2. The computer-implemented method of claim 1, wherein the machine learning model is an unsupervised machine learning model.

3. The computer-implemented method of claim 1, wherein the set of biomarker values are associated with biomarkers that are readily available.

4. The computer-implemented method of claim 3, wherein the biomarkers include at least one of age, BMI, blood pressure, LDL, HDL, or A1C.

5. The computer-implemented method of claim 1, wherein the selected number of clusters is based on medical knowledge to position a cut on a dendrogram associated with the set of individuals.

6. The computer-implemented method of claim 1, wherein the respective medical classification for each cluster of the selected number of clusters is associated with a level of medical risk for one or more health conditions for individuals associated with the cluster.

7. The computer-implemented method of claim 6, wherein the one or more health conditions are associated with cardiometabolic health conditions.

8. The computer-implemented method of claim 6, further comprising:

associating, by the computing system, a selected cluster of the selected number of clusters with a level of medical risk for a first health condition;

identifying, by the computing system, in the selected cluster a range of biomarker values associated with at least one biomarker that was not known to be indicative of the first health condition; and

determining, by the computing system, that the range of biomarker values associated with the at least one biomarker is indicative of the first health condition.

9. The computer-implemented method of claim 6, wherein a cluster of the selected number of clusters comprises a subcluster associated with a first level of medical risk for a first health condition that is different from a second level of medical risk for one or more health conditions associated with the cluster.

10. The computer-implemented method of claim 1, further comprising:

for each cluster of the selected number of clusters, causing a determination of at least one respective action to be performed for individuals associated with the cluster, the at least one respective action including a medical screening or a medical intervention.

11. A system comprising:

at least one processor; and

a memory storing instructions that, when executed by the at least one processor, cause the system to perform operations comprising:

receiving a set of biomarker values associated with a set of individuals;

applying a machine learning model to the set of biomarker values to cluster the set of individuals based on the set of biomarker values;

segmenting the set of individuals into a selected number of clusters based on the machine learning model; and

determining a respective medical classification for each cluster of the selected number of clusters.
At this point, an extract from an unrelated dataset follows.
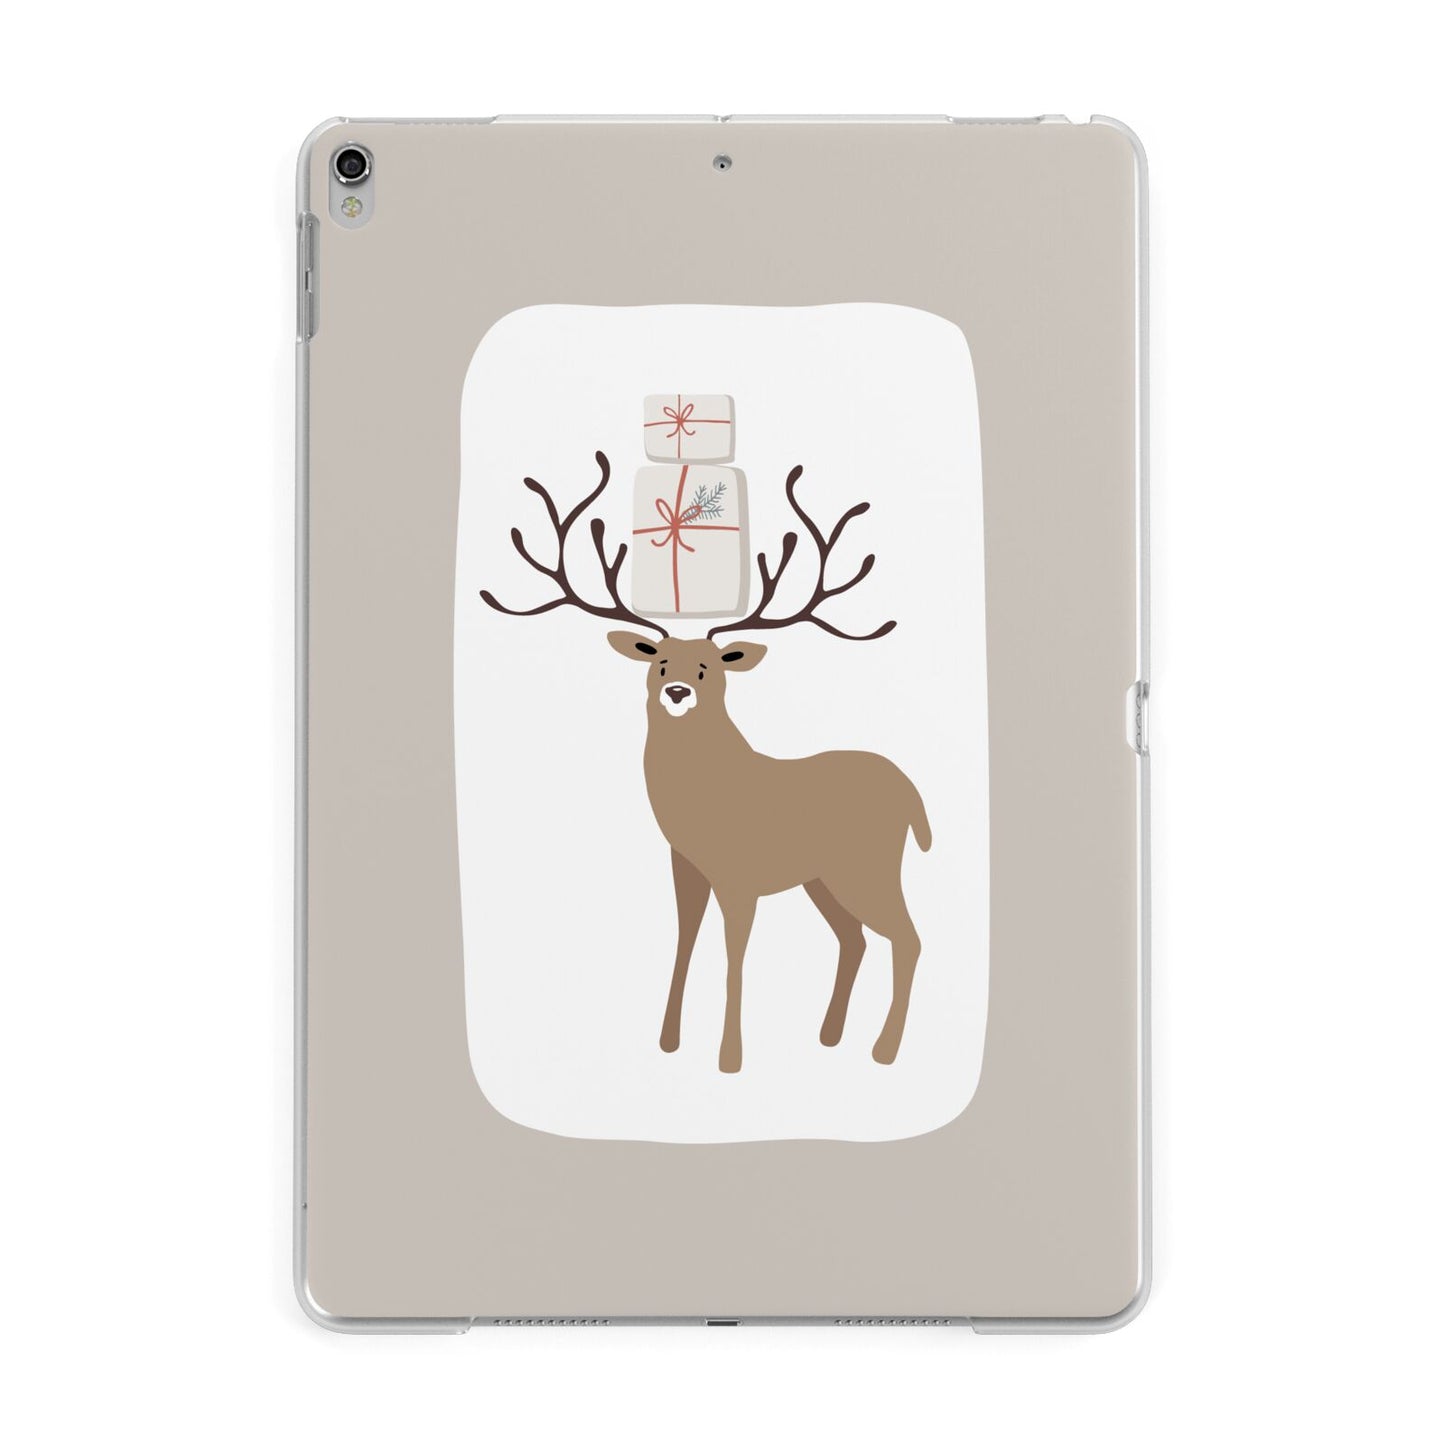 Reindeer Presents Apple iPad Silver Case
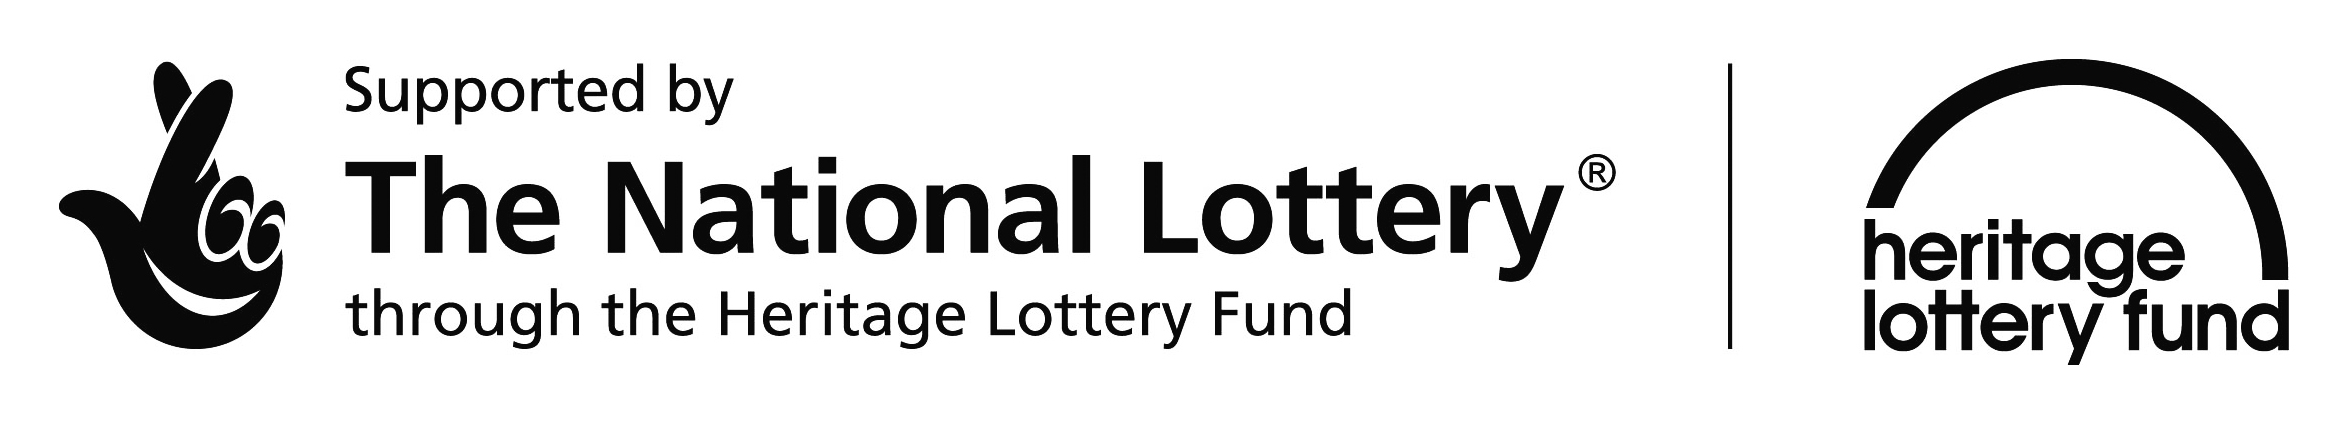 heritage lottery fund logo

12. The system of claim 11, wherein the machine learning model is an unsupervised machine learning model.

13. The system of claim 11, wherein the set of biomarker values are associated with biomarkers that are readily available.

14. The system of claim 13, wherein the biomarkers include at least one of age, BMI, blood pressure, LDL, HDL, or A1C.

15. The system of claim 11, wherein the selected number of clusters is based on medical knowledge to position a cut on a dendrogram associated with the set of individuals.

16. A non-transitory computer-readable storage medium including instructions that, when executed by at least one processor of a computing system, cause the computing system to perform operations comprising:

receiving a set of biomarker values associated with a set of individuals;

17. The non-transitory computer-readable storage medium of claim 16, wherein the machine learning model is an unsupervised machine learning model.

18. The non-transitory computer-readable storage medium of claim 16, wherein the set of biomarker values are associated with biomarkers that are readily available.

19. The non-transitory computer-readable storage medium of claim 18, wherein the biomarkers include at least one of age, BMI, blood pressure, LDL, HDL, or A1C.

20. The non-transitory computer-readable storage medium of claim 16, wherein the selected number of clusters is based on medical knowledge to position a cut on a dendrogram associated with the set of individuals.